Hello everyone! Who knows where to upload the film Avatar?
I even bought the film Avatar for a SMS to , the link was, but download fails, the system will boot quite strange cocoa something.
Men, advise where to normal as quickly download film avatar?

Anonymous said...

I sell a boat-program which will help you to outwit auction and to win, initially the boat was created for the Scandinavian auction but now the program can work with similar auctions: gagen ru, vezetmne ru and with ten.
The program-boat stakes for you, i.e. for this purpose it is not necessary to sit constantly at the monitor.

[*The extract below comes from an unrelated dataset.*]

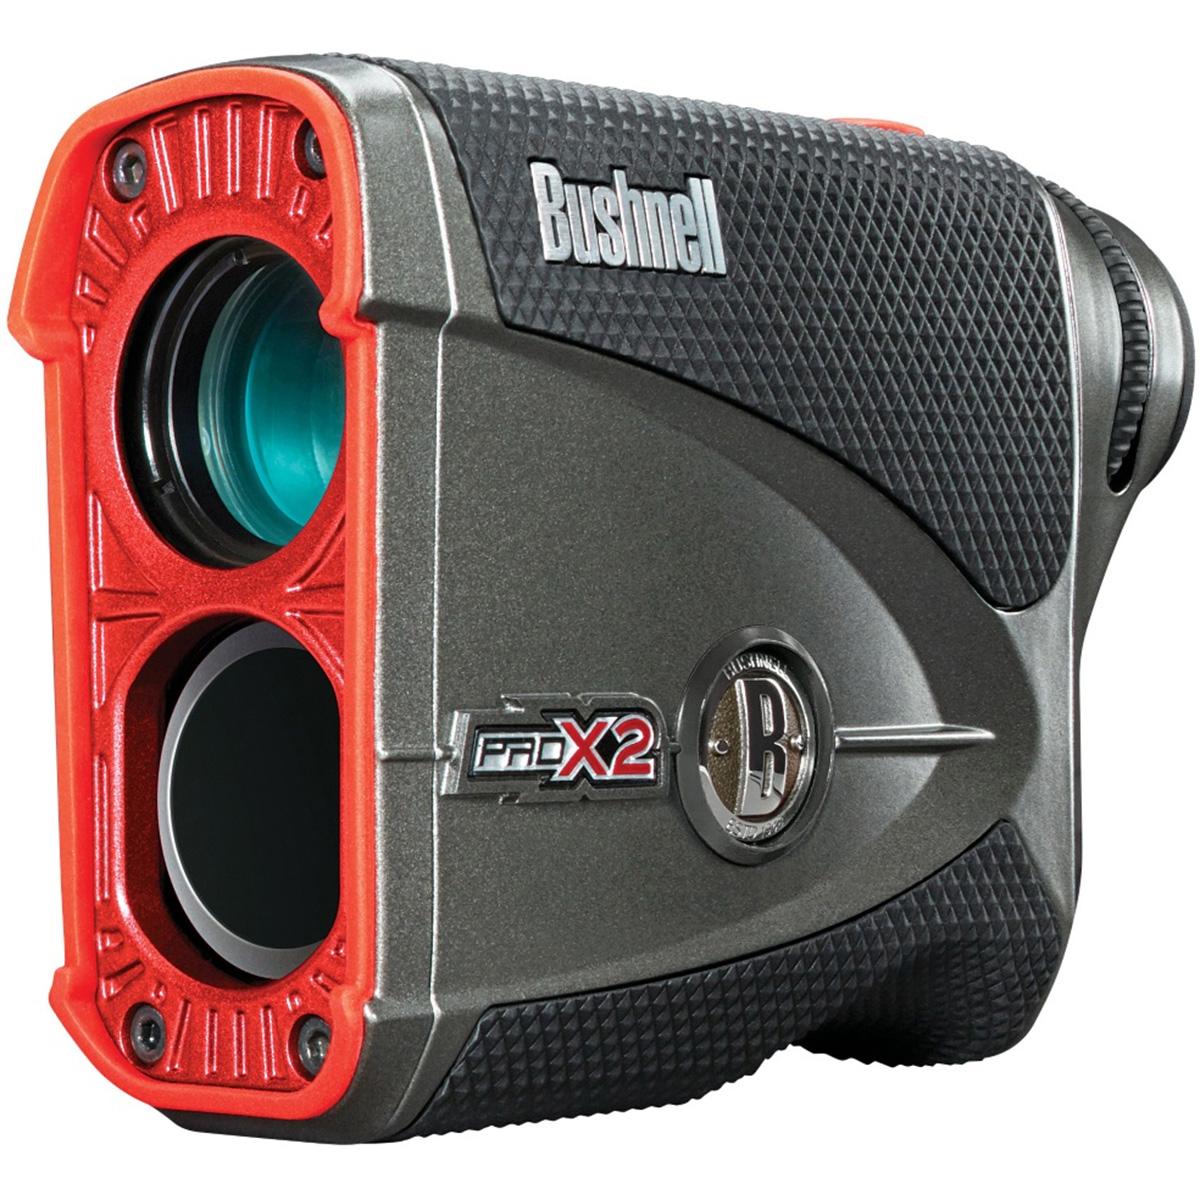 ピンシーカープロX2ジョルト ゴルフ用レーザー距離計

The boat can set time when it is necessary to stake, thus you as much as possible will lower expenses for rates, and as much as possible increase the chances of a victory.

The price of the program a boat for the Scandinavian auctions 20$

For the first 10 clients the price 15$

To all clients free updating and support.

Behind purchases I ask in icq: 588889590 Max.

Anonymous said...

[b]Set software LoveBots v 5.2[/b]

All for a mass mailing dating

The script is written in php5


[i]registration, account activation
manual input captures, or the solution through antikapchu
filling data accounts:
- Gulf desired photo
- Инфы about yourself
- Diary
- Sexual preference[/i]

gulyalka on questionnaires spammer on lichku
- Randomization Posts: replacement of Russian letters in Latin analogues

optimized to work in a continuous loop
check-activation-filling-spam check ..

Updates and support free of charge.

Price per set 100 wmz

For the first 10 buyers price 70 wmz (your feedback on the software).

For shopping I ask in icq: 588889590 Max.

Scrin program:




Flooding in the subject no! Write to feedback after the purchase.